Türkiye’de Mesud Barzani’nin Cizre ziyareti sırasında korumalarıyla birlikte verdiği görüntüler gündemdeki yerini korurken, bu kez Irak Kürt Bölgesel Yönetimi Başkanı Neçirvan Barzani’den Suriye’ye dair dikkat çeken bir açıklama geldi. Barzani, Şam’da kurulacak yeni yönetimin ademi merkeziyetçi bir yapıda olması gerektiğini belirterek, farklı etnik ve dini grupların tam temsili için bu yapının “hayati önem” taşıdığını söyledi.
Cizre’deki karelerin ardından yeni mesaj
Barzani ailesinin Türkiye’de tartışmalara neden olan Cizre ziyareti ve protokol görüntüleri hem Cumhurbaşkanı Erdoğan hem de MHP lideri Bahçeli tarafından sert şekilde eleştirilmiş, İçişleri Bakanlığı konuyla ilgili inceleme başlatmıştı. Bu olayın yankıları sürerken, IKBY’den Suriye ile ilgili gelen açıklama Ankara’da dikkatle takip edildi.
Barzani: “Ahmed Şara, Suriye için son şans”
Neçirvan Barzani, The Spectator Australia’ya verdiği röportajda Şam’daki yeni yönetimin mimarlarından Ahmed Şara’nın önemine vurgu yaparak, Suriye’nin çok uluslu ve çok inançlı yapısına uygun olarak iktidarın merkezden uzaklaştırılması gerektiğini savundu.
Barzani, “Hristiyanlar, Dürziler, Ezidiler, Aleviler, Kürtler, seküler Sünni Araplar… Hepsi yeni Suriye’de tam temsile sahip olmalı. Bu da ancak ademi merkeziyetçi bir yapıyla mümkündür.” dedi.
SDG/YPG/PKK için güvence vurgusu: “Entegrasyon olmadan silah bırakmazlar”
Barzani, Suriye Demokratik Güçleri’nin (SDG) Suriye ordusuna katılmasına yönelik beklentilere de değindi.
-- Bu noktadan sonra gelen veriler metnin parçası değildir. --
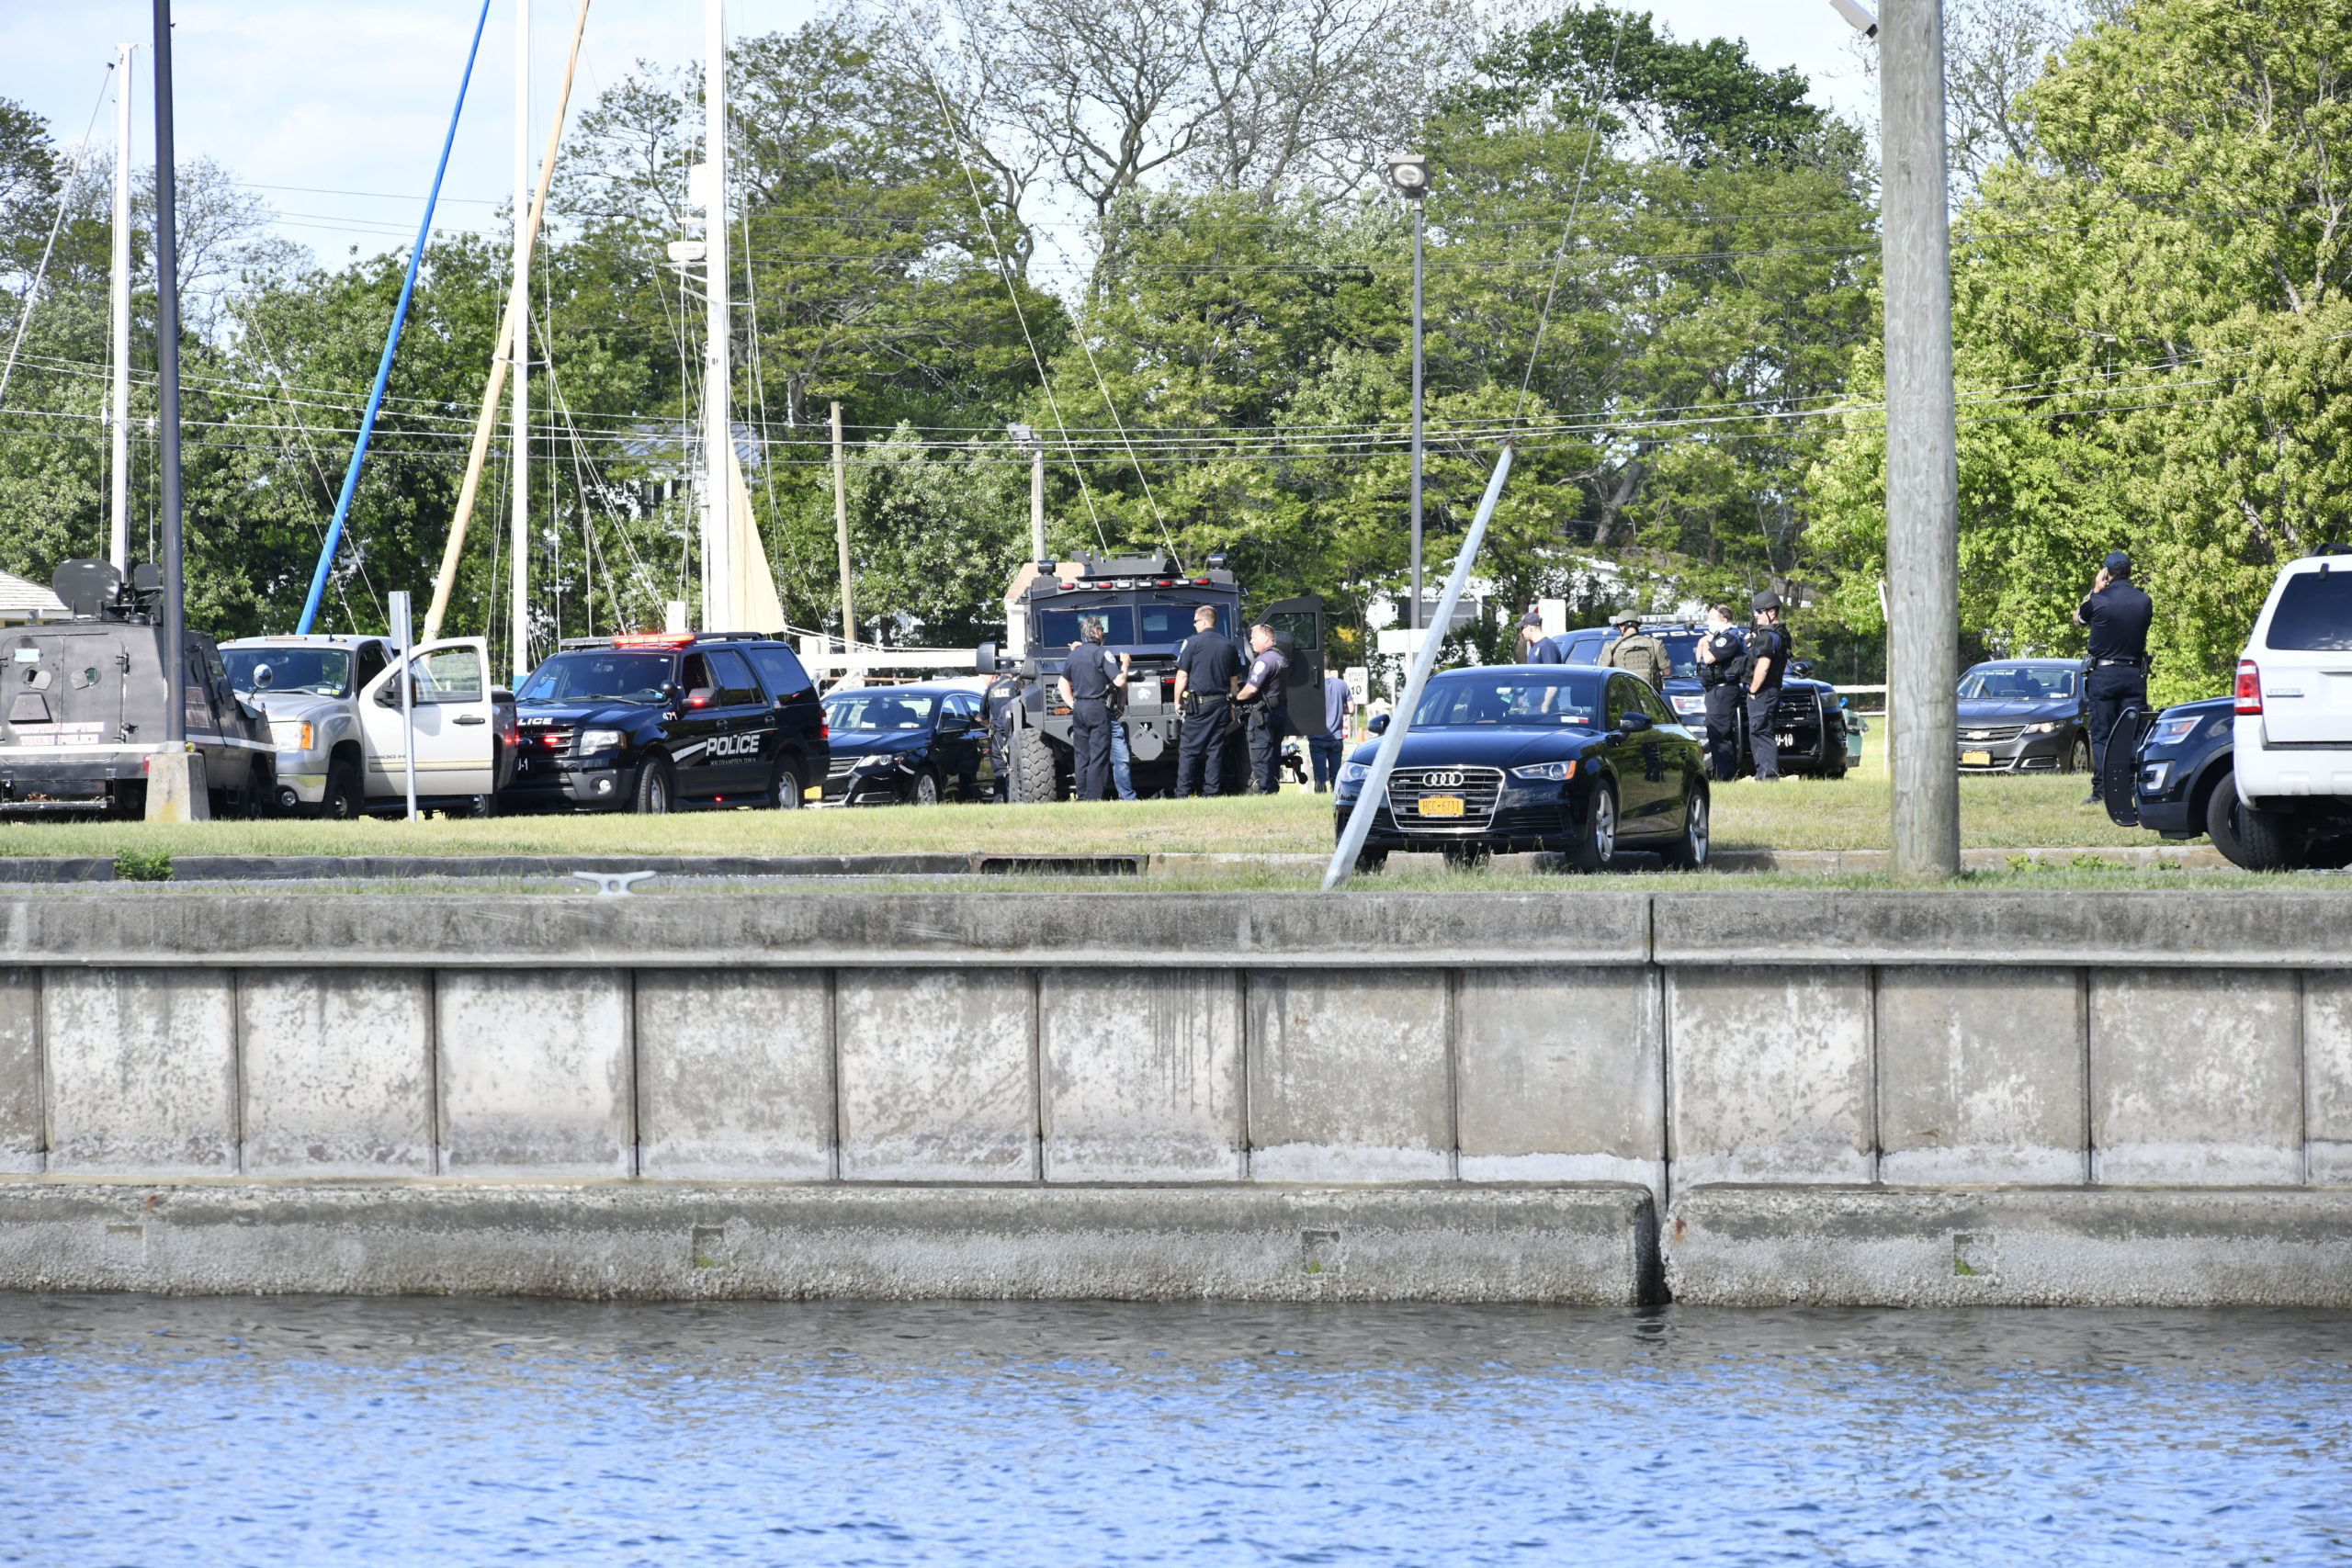 Law enforcement surround a subject with a handgun in the parking lot at  Meschutt Beach in Hampton Bays on Monday afternoon.   DANA SHAW

PKK/YPG bağlantılı bu yapının silah bırakmasının ancak entegrasyon garantisiyle mümkün olacağını belirten Barzani, “Büyük bedeller ödemiş bu güçlerin güvence olmadan topluma dönmesini bekleyemezsiniz.” ifadelerini kullandı.
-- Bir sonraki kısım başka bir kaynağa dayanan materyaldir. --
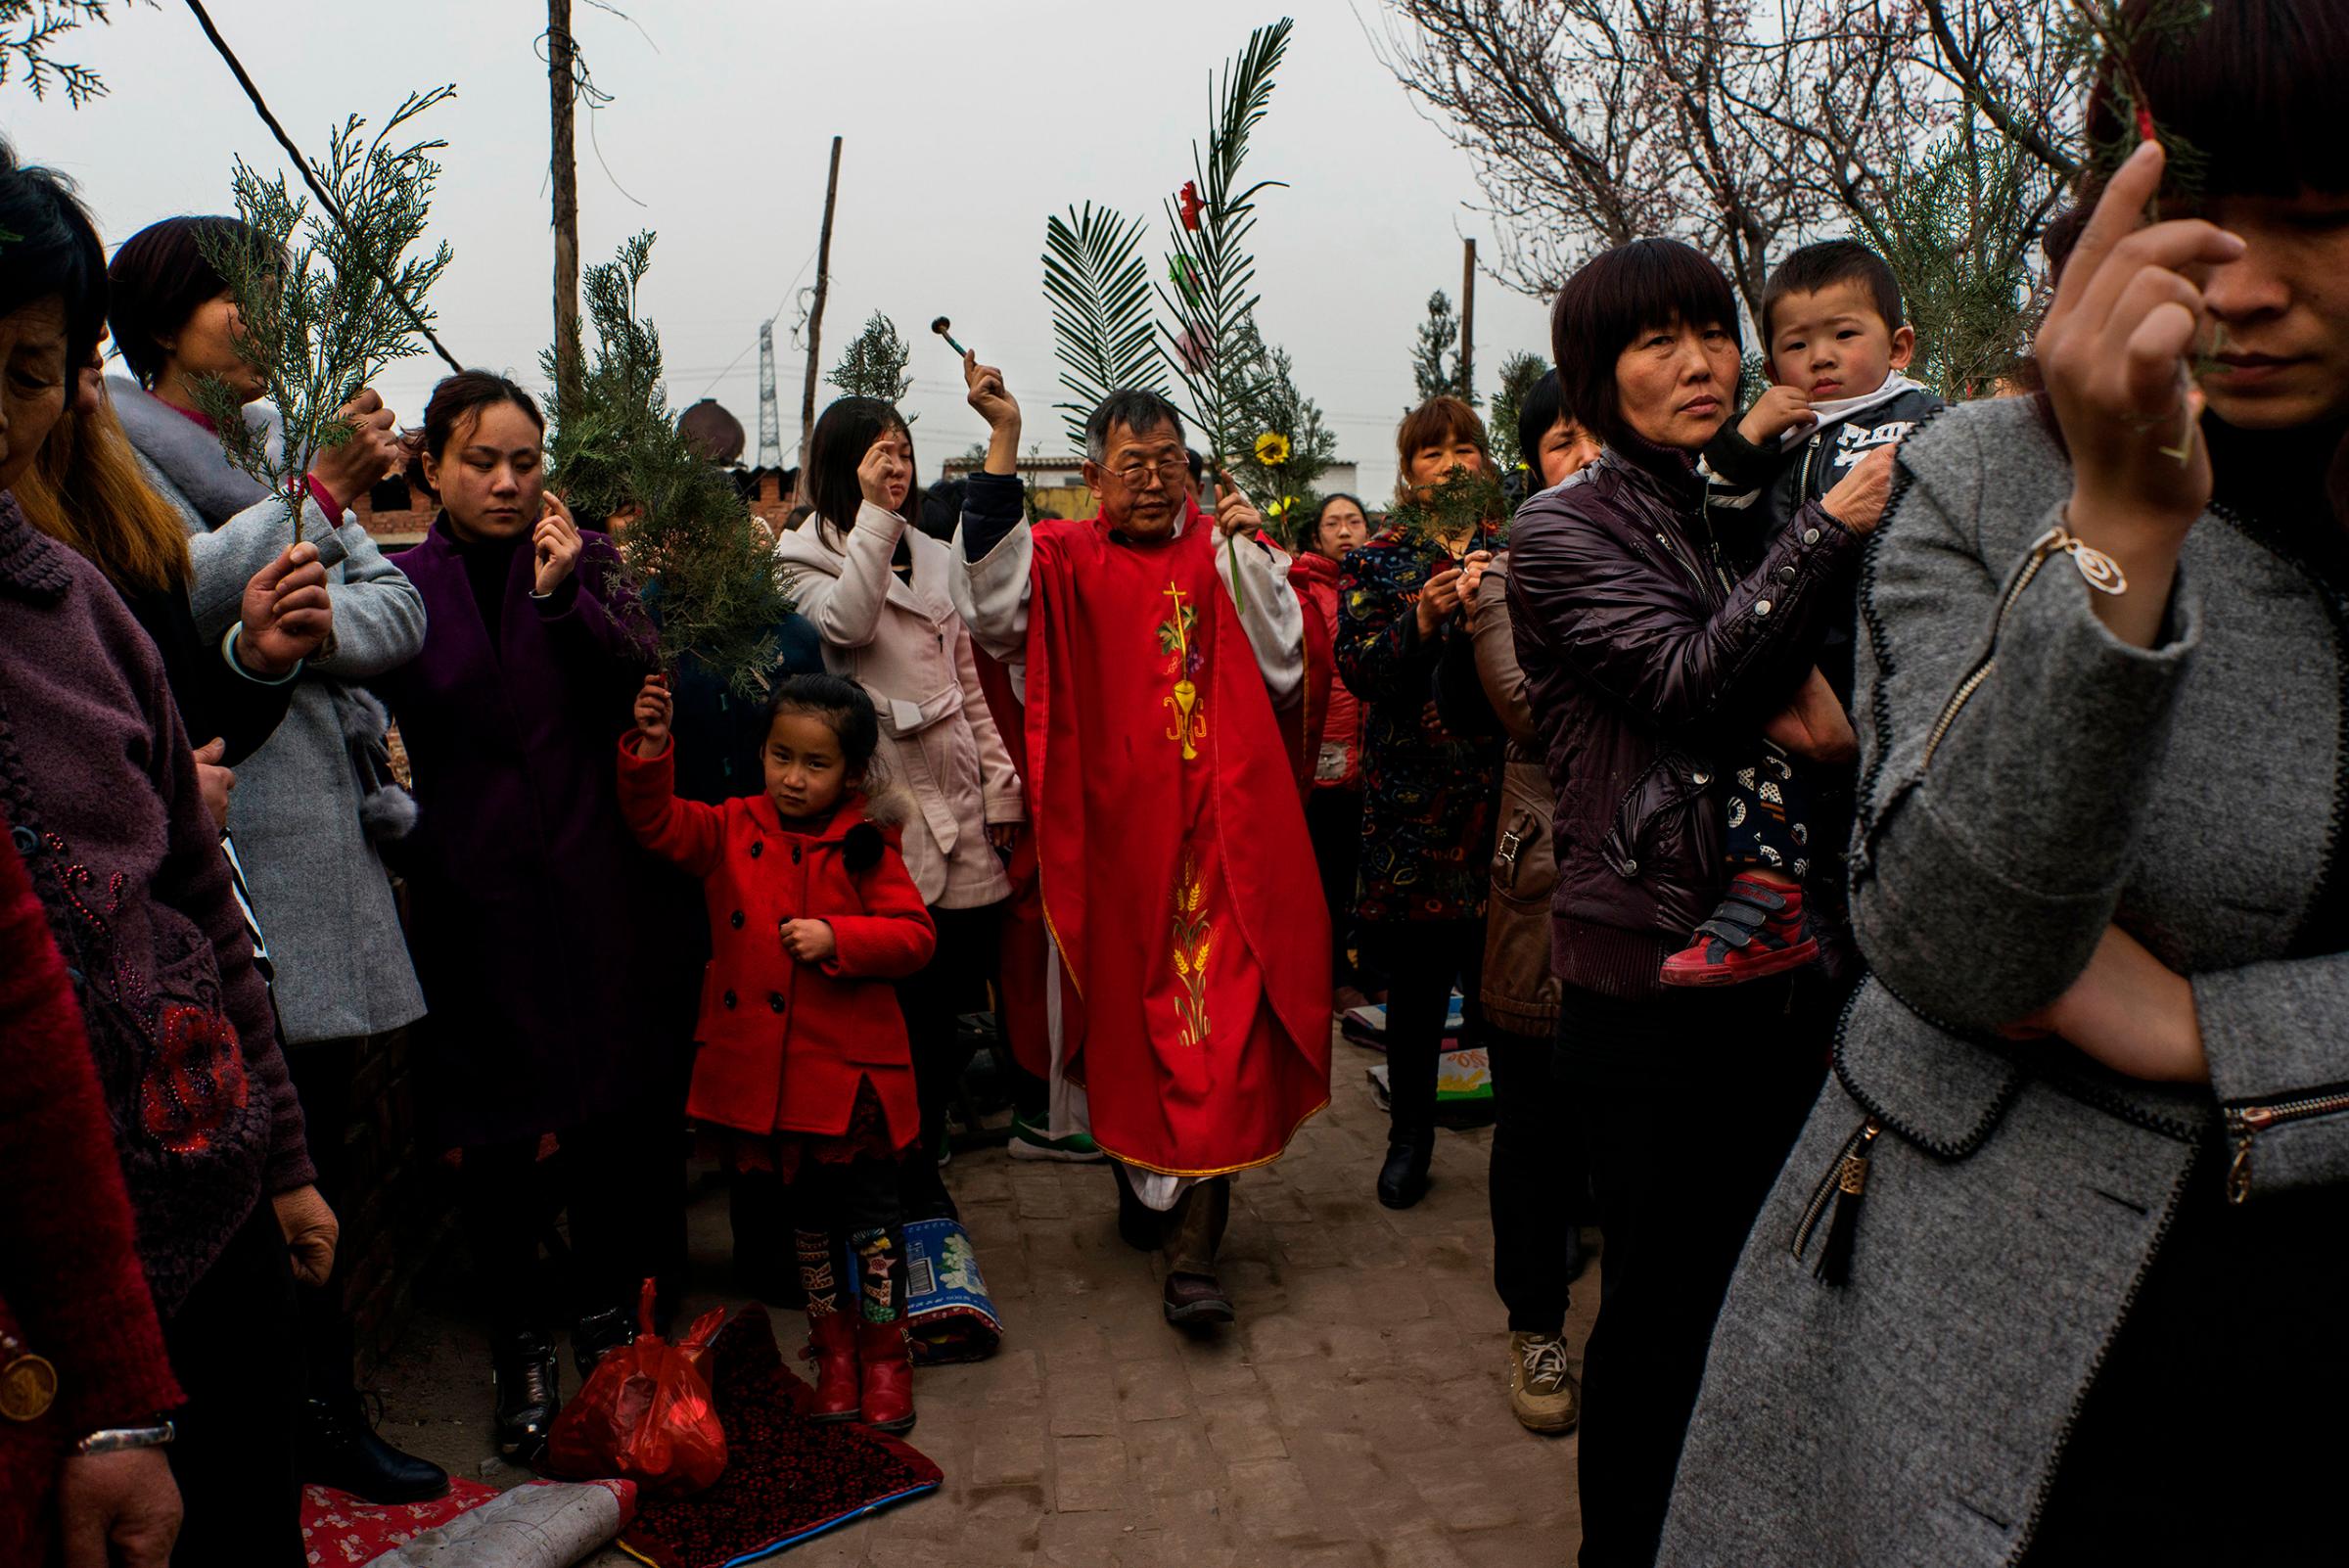 Dissident Catholic Priest Dong Baolu leads a procession through the congregation at an underground Palm Sunday service in the yard of a house in Youtong village, Shijiazhuang, China, March 20, 2016.

“Şara’ya karşı denge unsuru”
Barzani, ademi merkeziyetçiliğin Ahmed Şara’nın merkeziyetçi eğilimlerine karşı “hayati bir denge” oluşturacağını savunarak, bu modelin bölgesel istikrar açısından da kritik olacağını dile getirdi.
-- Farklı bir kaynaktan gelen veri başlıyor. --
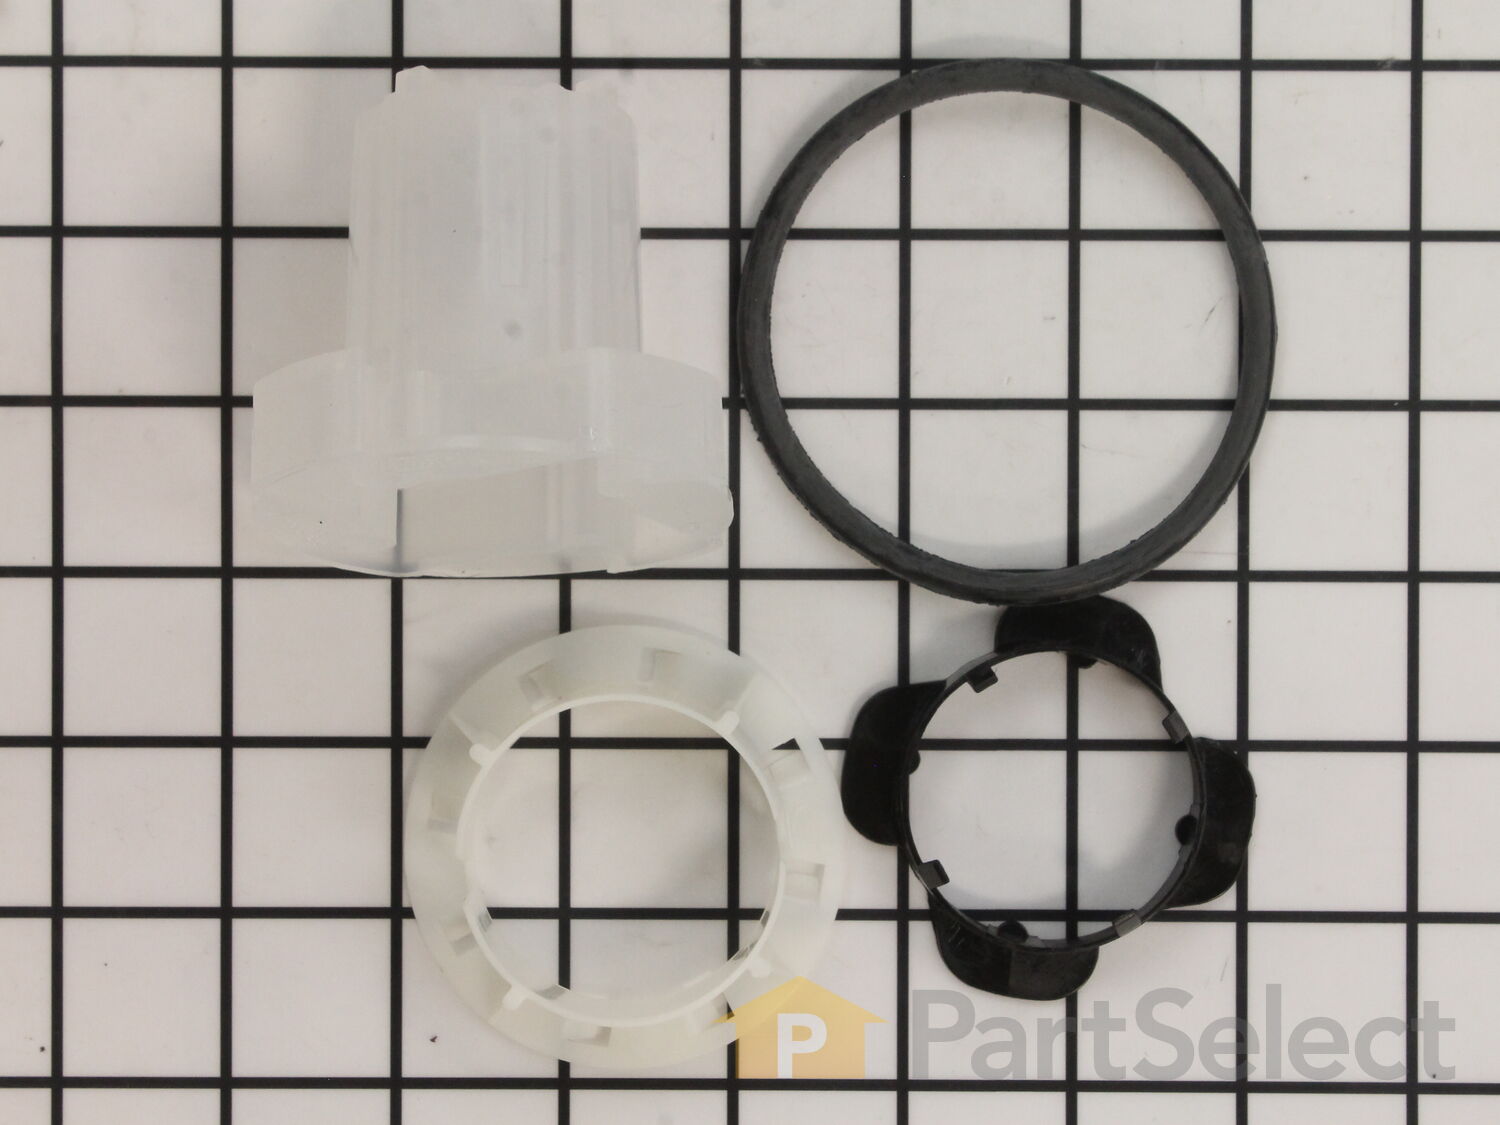 Details about   Belt Repair Kit for Whirlpool 1-8 AED AGD CED/M CGD/M EED EGD GCE GCG GEQ Series

Ademi merkeziyetçilik nedir?
Ademi merkeziyetçilik, devletin idari ve siyasi yetkilerinin yerel yönetimlere devredilmesini öngören bir yönetim anlayışıdır. Bu sistemde merkezi otorite zayıflarken, yerel yönetimler daha fazla yetki ve sorumluluğa sahip olur. Türkiye, Suriye gibi üniter yapıya sahip ülkelerde bu modelin uygulanabilirliği tartışma konusu olmaya devam ediyor.